Recent work extends T2I models for text-to-video (T2V) generation. The two main challenges in T2V generation are the lack of high-quality text-video data at scale and the complexity of modeling the temporal dimension. There are two mainstream frameworks: 1) Transformer with Variational Auto Encoders (VAE); 2) diffusion models with U-Net. CogVideo and Phenaki are based on VAE and Transformer to learn T2V generation in the latent space. Make-A-Video and Imagen Video are based on diffusion models to learn video generation in the pixel space and have shown better performance than their Transformer+VAE counterparts. However, due to the complexity of video modeling, pixel-based T2V diffusion models must compromise to generate a low-resolution video first ( $64\times 64$ in Make-A-Video and $40\times 24$ in Imagen Video), followed by a sequence of super-resolution and frame interpolation models (see Tab. 4 for details). This makes the entire pipeline complicated and computationally expensive.

A generative AI system’s efficiency is essential because it impacts the user experience when interacting with these tools. Additionally, a simpler model architecture aids further research and development on top of it. In this paper, we propose Latent-Shift, which is an efficient model that can generate a two seconds video clip with $256\times 256$ resolution without additional super-resolution or frame interpolation models.

Our work builds on the T2I latent diffusion model. When expanding the U-Net from T2I to T2V generation, we carefully choose not to increase the model complexity. Unlike prior work that adds additional temporal convolutional layers and/or temporal attention layers to expand the U-Net for temporal modeling, we use a parameter-free temporal shift module as motivated from . During training, we shift a few channels of the spatial U-Net feature maps forward and backward along the temporal dimension. This allows the shifted features of the current frame to observe the features from the previous and the subsequent frames and thus help to learn temporal coherence. We show in our experiments that Latent-Shift achieves better performance than latent video diffusion models with temporal attention while having fewer parameters and thus being more efficient.

In summary, our main contributions are three-fold:

We propose a novel temporal shift module to leverage a T2I model as-is for T2V generation without adding any new parameters.

We show that our Latent-Shift model finetuned for video generation can also be used for T2I generation, which is a unique capability of the parameter-free temporal shift module.

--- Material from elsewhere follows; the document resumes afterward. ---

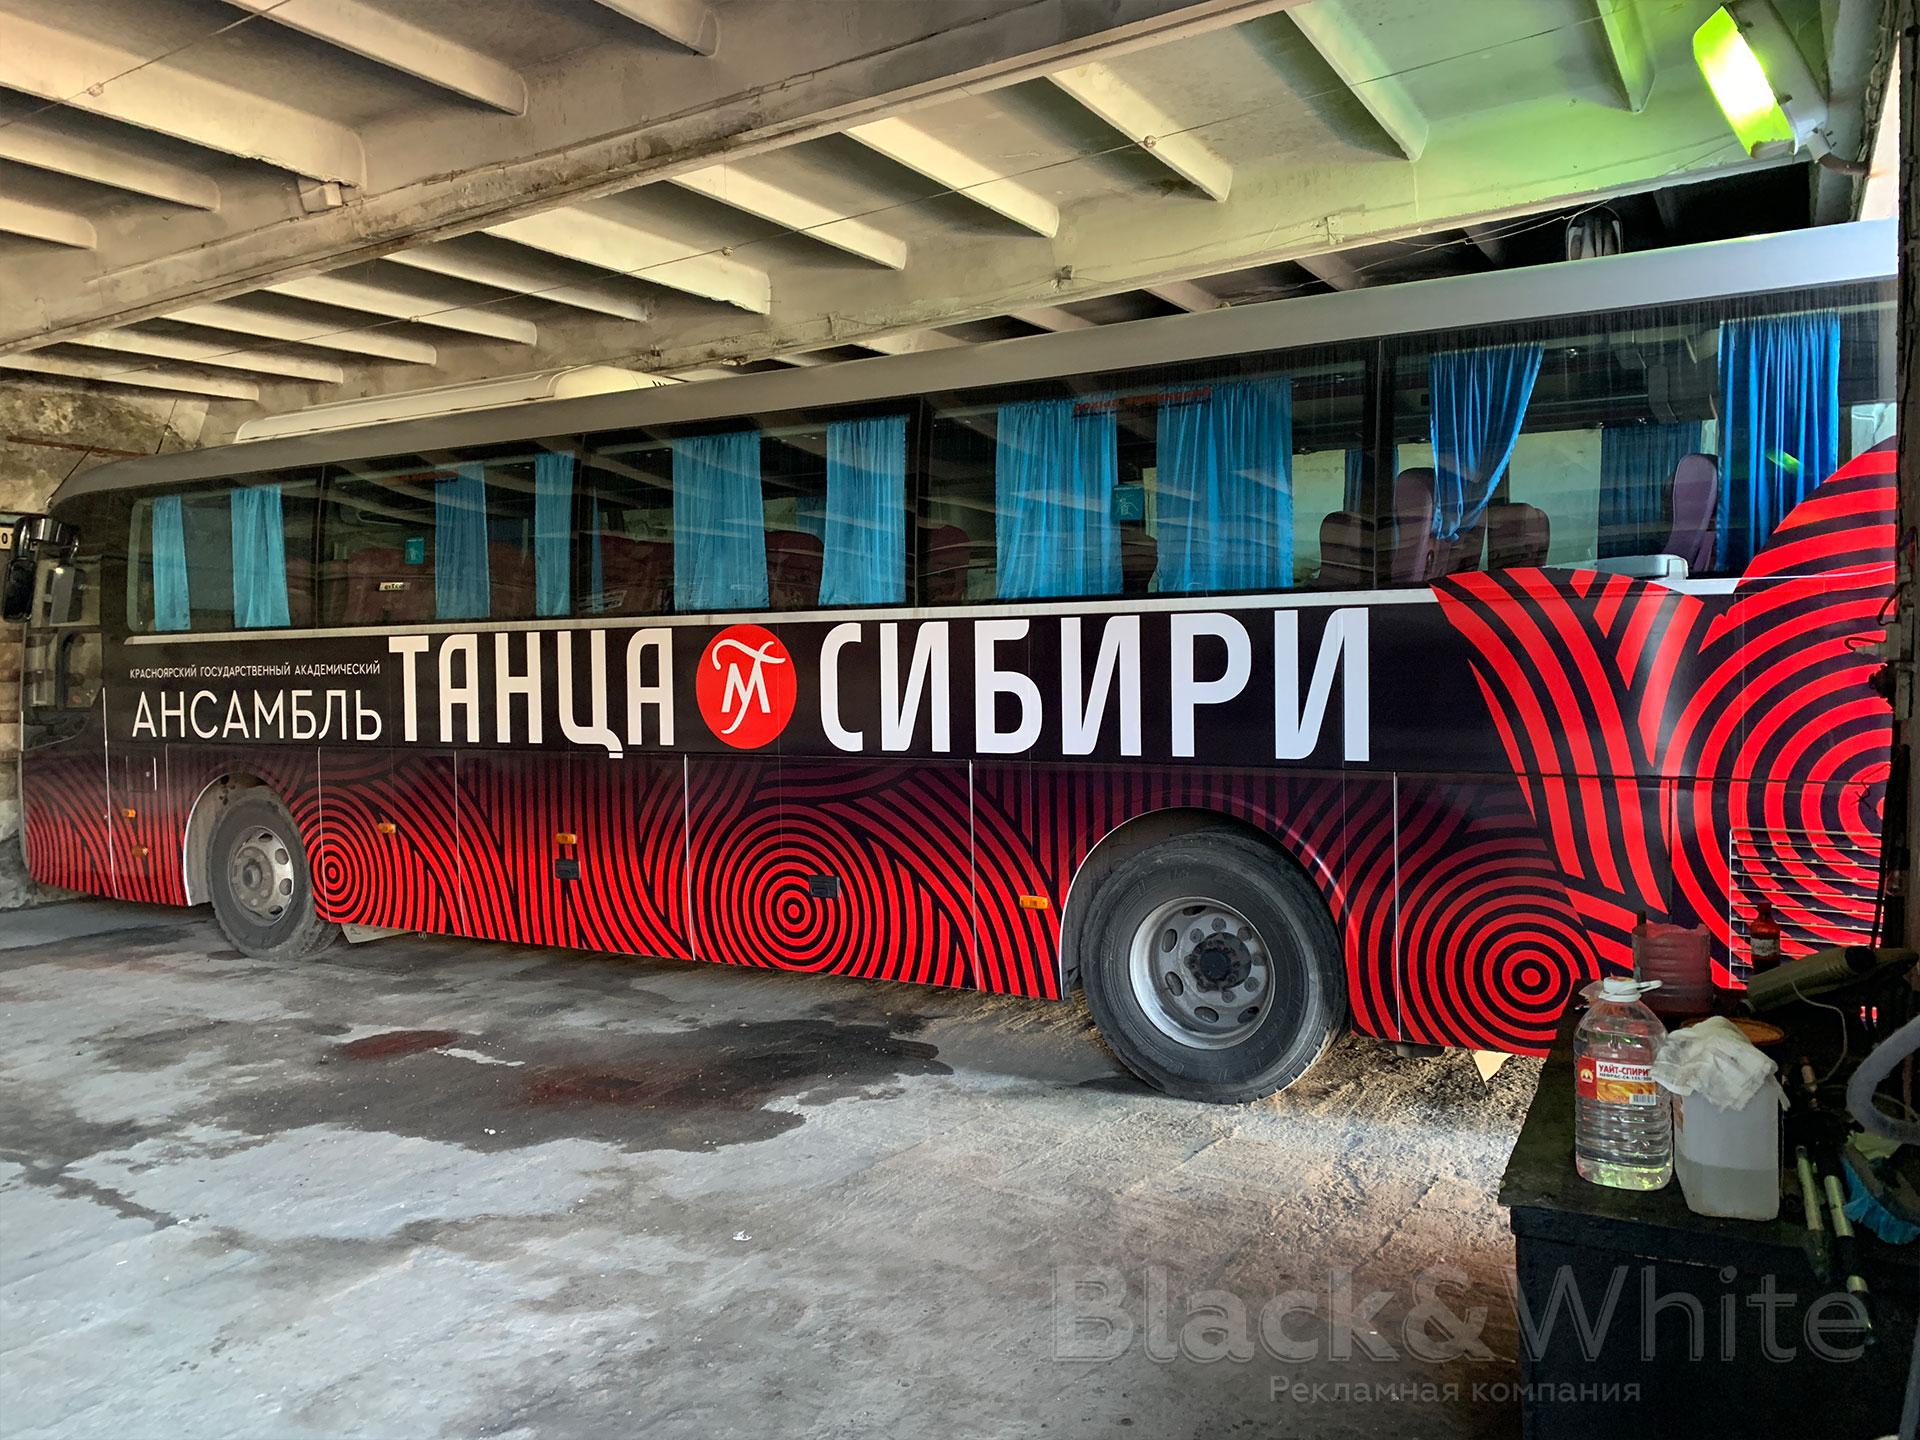 Брендирование-автобуса-Танцы-Сибири-Красноярск....jpg
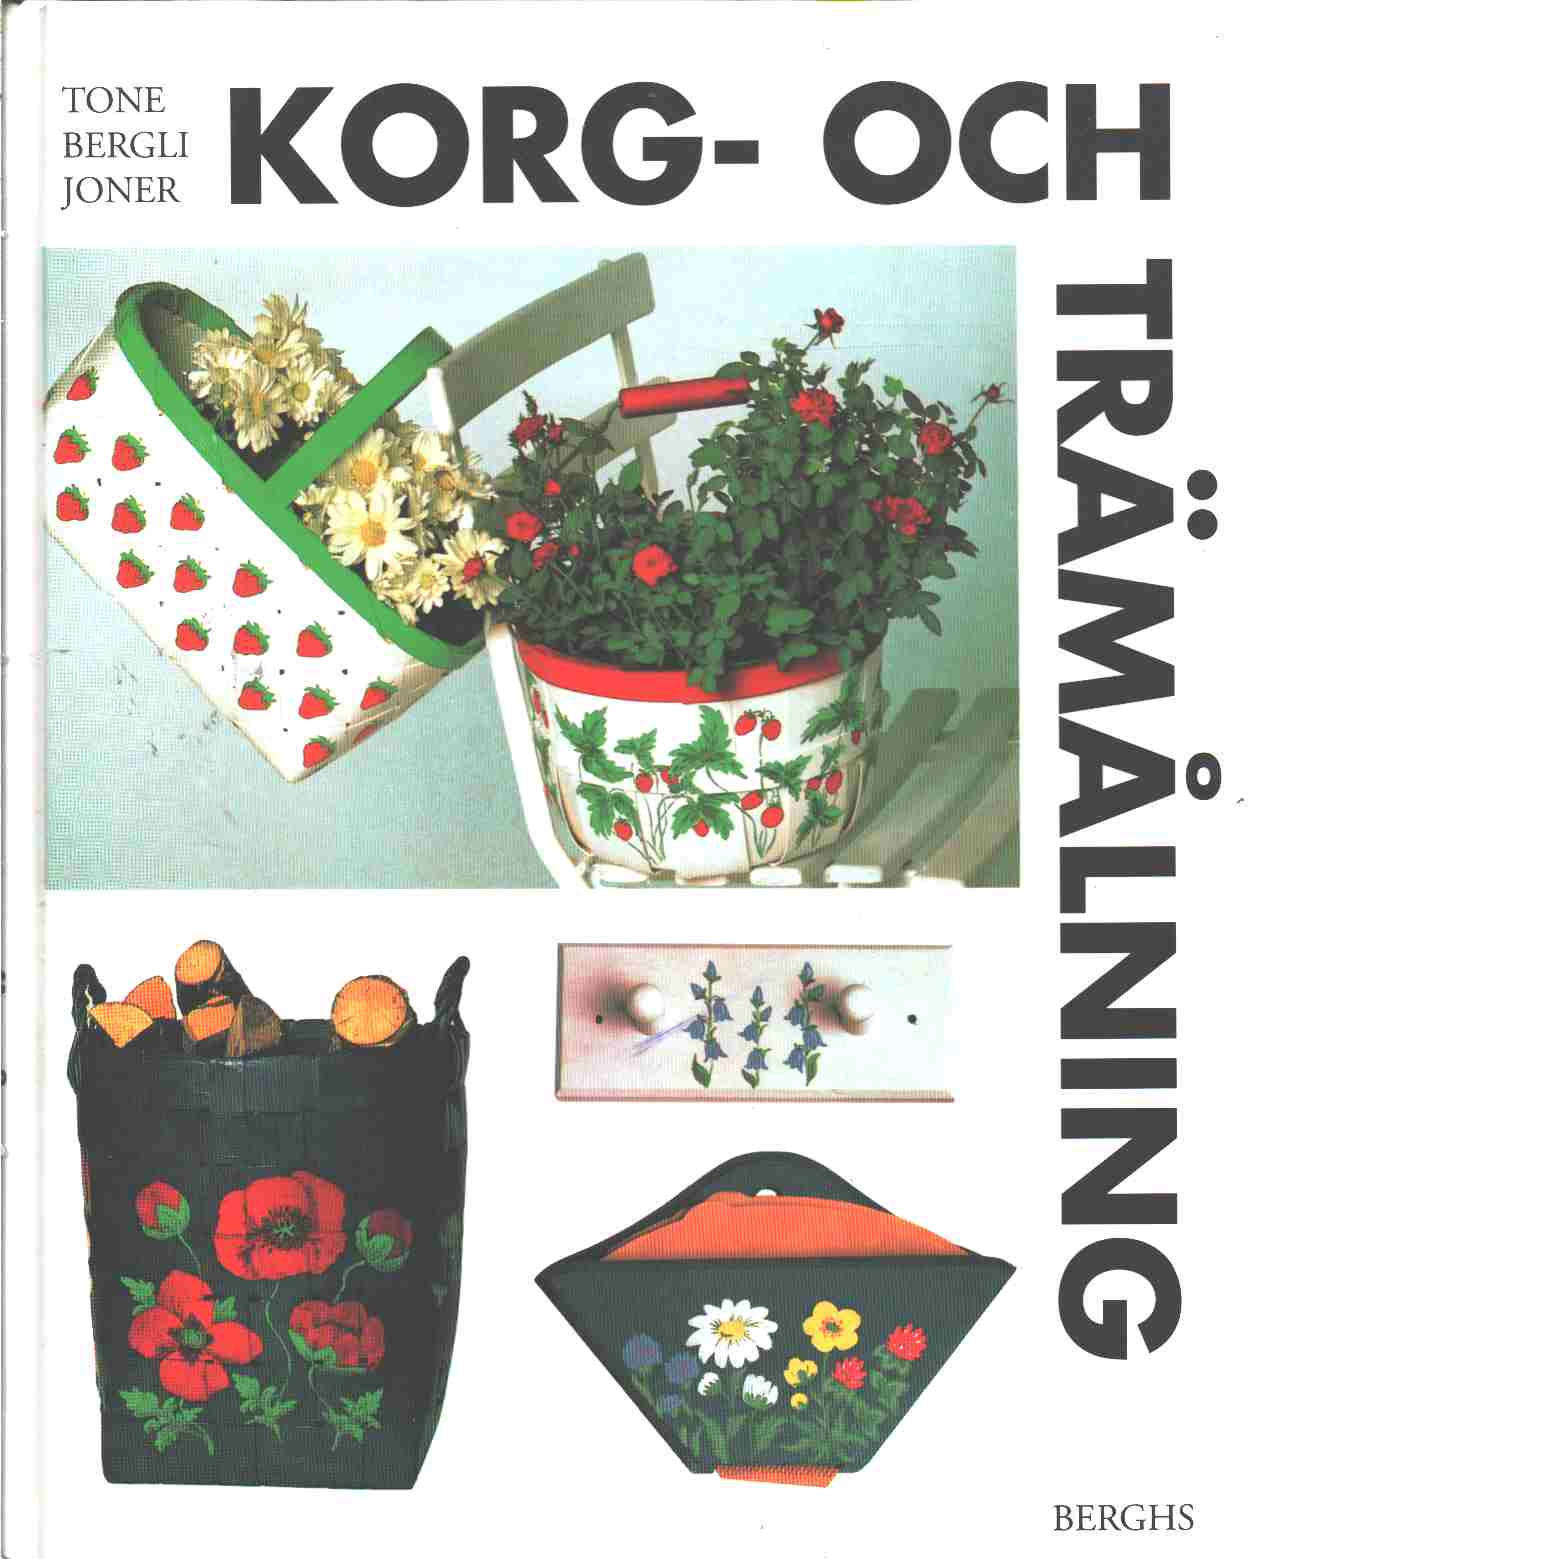 Korg- och trämålning - Bergli Joner, Tone

We demonstrate the effectiveness and efficiency of Latent-Shift through extensive evaluations on MSR-VTT, UCF-101, and a user study.

Related Work

Text-to-Image Generation. Early work in T2I generation are focused on GAN-based extensions to generate images in simple domains like flowers , birds , etc. Recent work leverage better modeling techniques like Transformer with VAE or diffusion models to enable zero-shot T2I generation with compelling results. For example, CogView , DALLE , and Parti train an auto-regressive Transformer on large-scale text-image pairs for T2I generation. Make-A-Scene additionally adds a scene control to allow more creative expression. On the other hand, GLIDE , DALLE2 , and Imagen leverage diffusion models and achieve impressive image generation results. These diffusion-based models are trained on the pixel space and require additionally trained super-resolution models to achieve a high resolution. Latent diffusion can generate high-resolution images directly by learning a diffusion model in the latent space to reduce the computational cost. We extend the latent diffusion model for T2V generation.

Text-to-Video Generation. Similar to the evolution in T2I generation, early T2V generation methods are based on GAN and applied to constrained domains like moving digits or simple human actions. Due to the challenges in modeling video data and a need for large-scale, high-quality text-video datasets, the priors of T2I in both modeling and data are leveraged for T2V generation. For example, NÜWA formulates a unified representation space for image and video to conduct multitask learning for T2I and T2V generation. CogVideo adds temporal attention layers to the pretrained and frozen CogView2 to learn the motion. Make-A-Video proposes to finetune from a pretrained DALLE2 to learn the motion from video data alone, enabling T2V generation without training on text-video pairs. Video Diffusion Models and Imagen Video perform joint text-image and text-video training by considering images as independent frames and disabling the temporal layers in the U-Net. Phenaki also conducts joint T2I and T2V training in the Transformer model by considering an image as a frozen video.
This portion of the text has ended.